Капитан хмуро похлопал его по плечу:— Не задерживайся. Отлив — со дня на день. Если опоздаешь — оставим тебя гнить здесь.
Где-то выше, с верхних ярусов, донесся смех и звон бокалов — богачи пировали, не глядя вниз.
А
Гилен улыбнулся.
"У меня как раз есть время."
Гилен ступал по грязному камню порта, каждый его шаг сопровождался хлюпающим звуком — где-то под ногами проступала смесь морской воды, гниющей рыбы и человеческих отходов.
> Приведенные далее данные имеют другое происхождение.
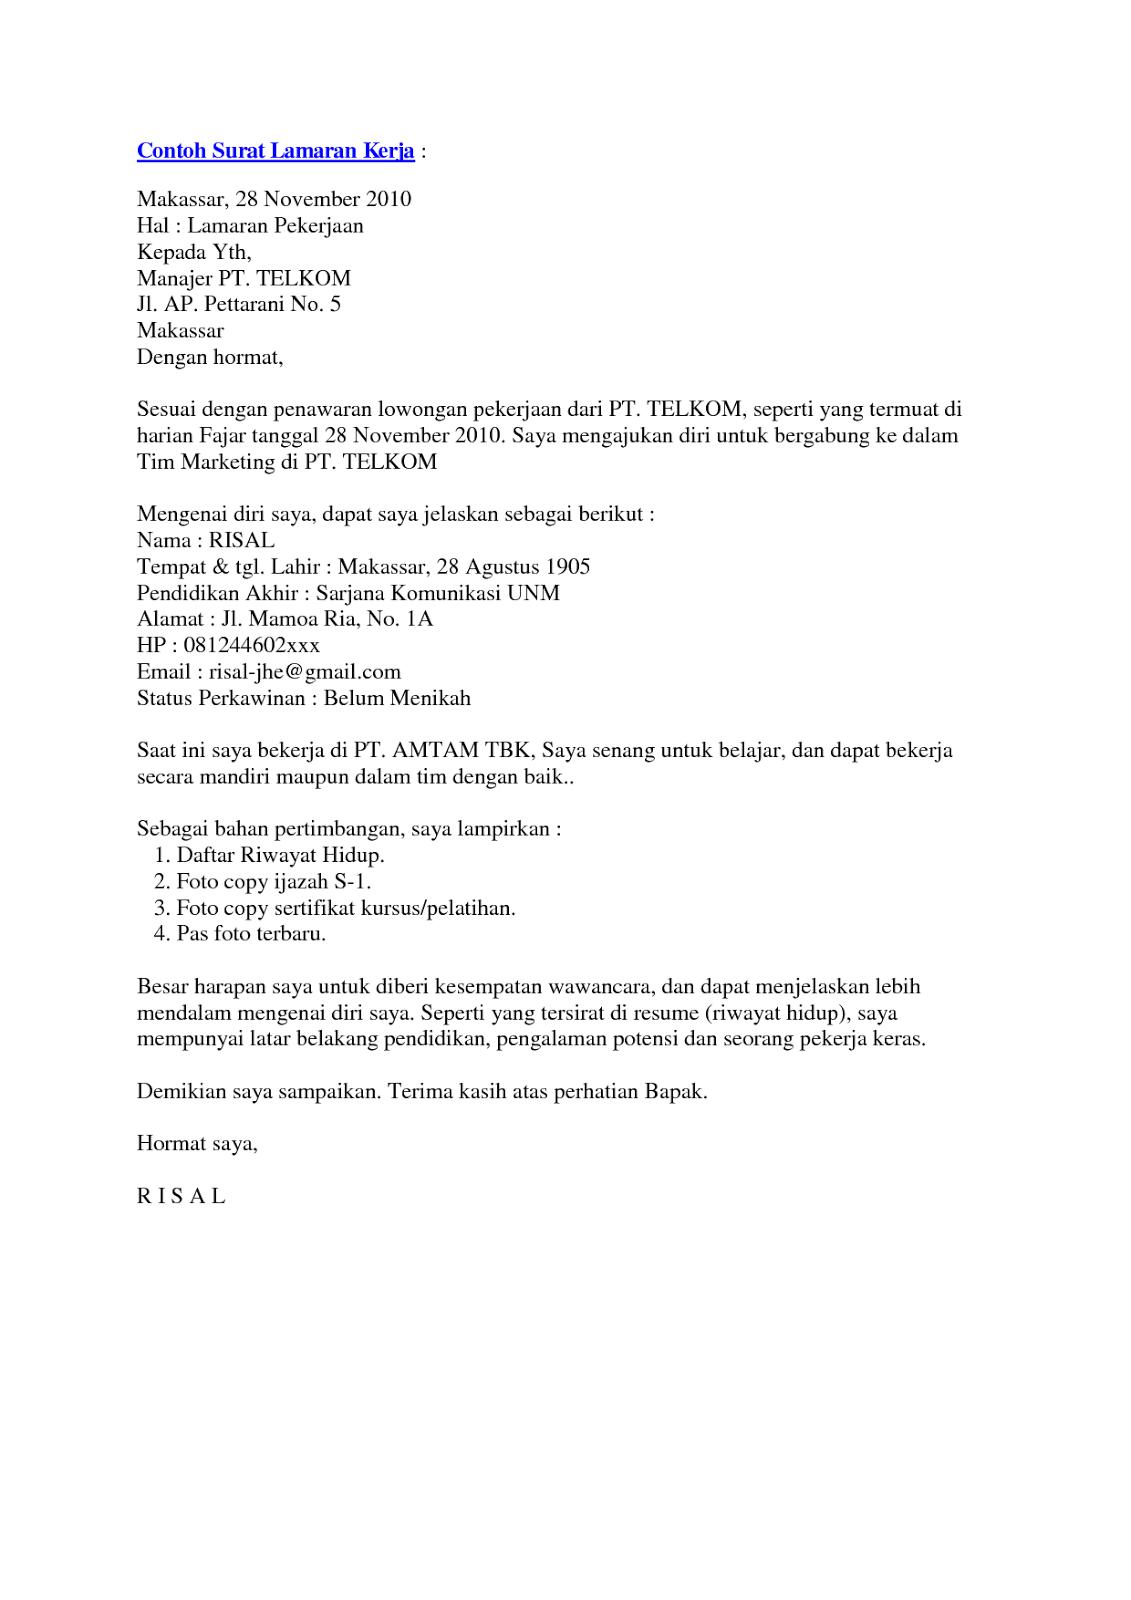 Format Cv Terbaru Pdf 9 Surat Lamaran Kerja Dan Daftar Riwayat

Воздух был густым, словно пропитанным гарью и потом, с едким привкусом металла на языке. Крики надсмотрщиков, лязг цепей и хлесткие удары кнутов сливались в один непрерывный гул, прерываемый лишь стонами осужденных, которых гнали в Ледяные шахты.
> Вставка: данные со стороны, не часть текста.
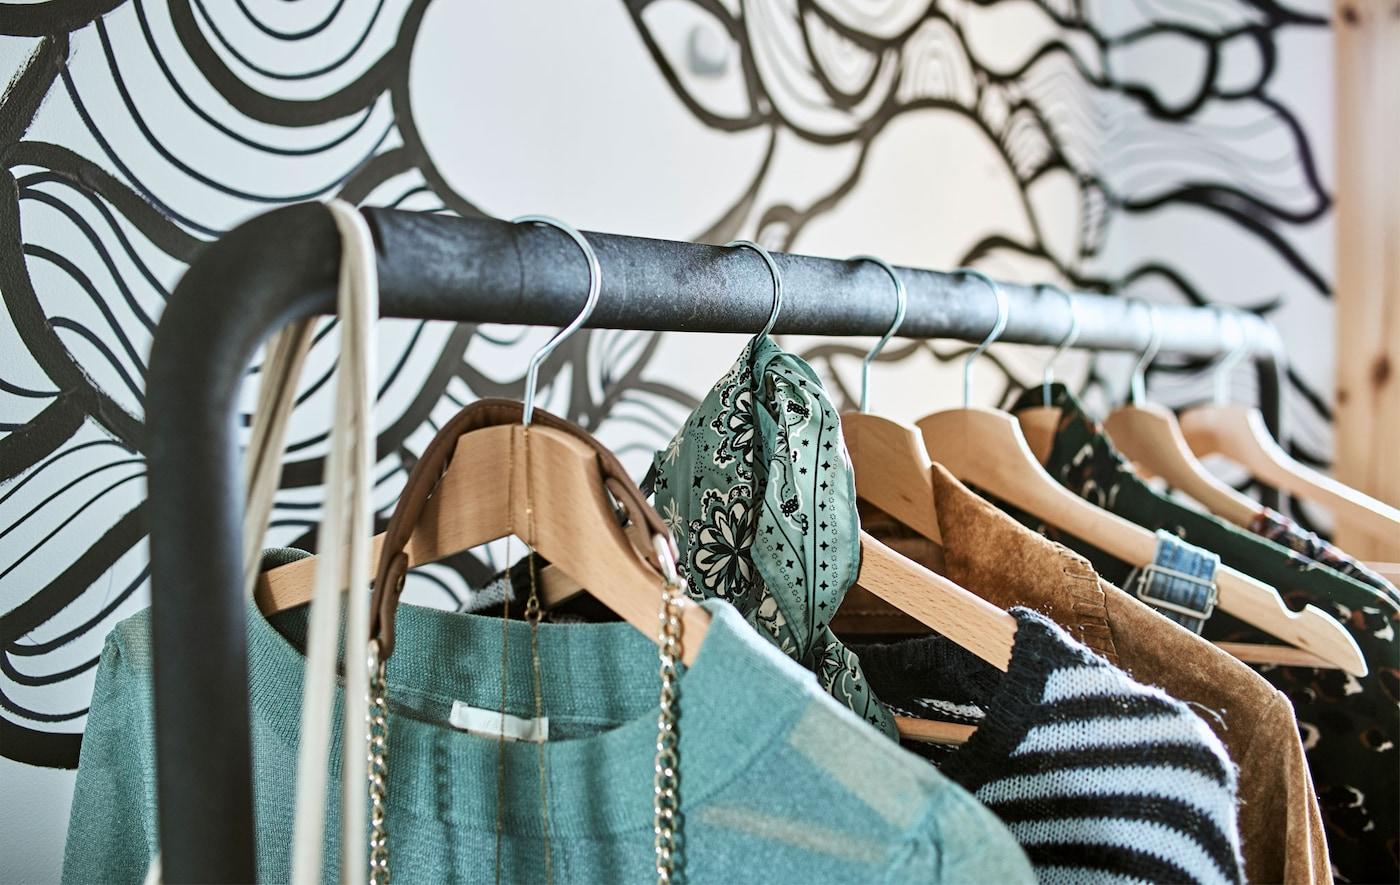 Roupas penduradas em cabides de madeira num varão colocado em frente a um papel de parede de padrão ondulado em preto e branco.

"Сколько миров я видел... а везде одно и то же."
Он миновал "Трезубец Зартукса" — низкую каменную постройку с дверью, изъеденной временем, из-за которой доносились пьяные вопли и запах пережаренного жира. Не останавливаясь, он свернул в узкий проход между домами, где каменные стены, покрытые липкой плесенью, почти смыкались над головой. Здесь было темнее, несмотря на день, а под ногами хрустели кости — то ли животных, то ли... не стоило задумываться.
Где-то впереди капала вода, но звук был странным — слишком густым, будто падала не вода, а что-то более вязкое. Гилен наклонился, пальцы скользнули по мокрому камню, пока не наткнулись на острую грань. Заточенная щепка — кривая, с зазубринами, но с явным следами крови на кончике. "Убого. Но если все сделать правильно, хватит и этого."
Он сжал ее в кулаке, чувствуя, как дерево впивается в ладонь.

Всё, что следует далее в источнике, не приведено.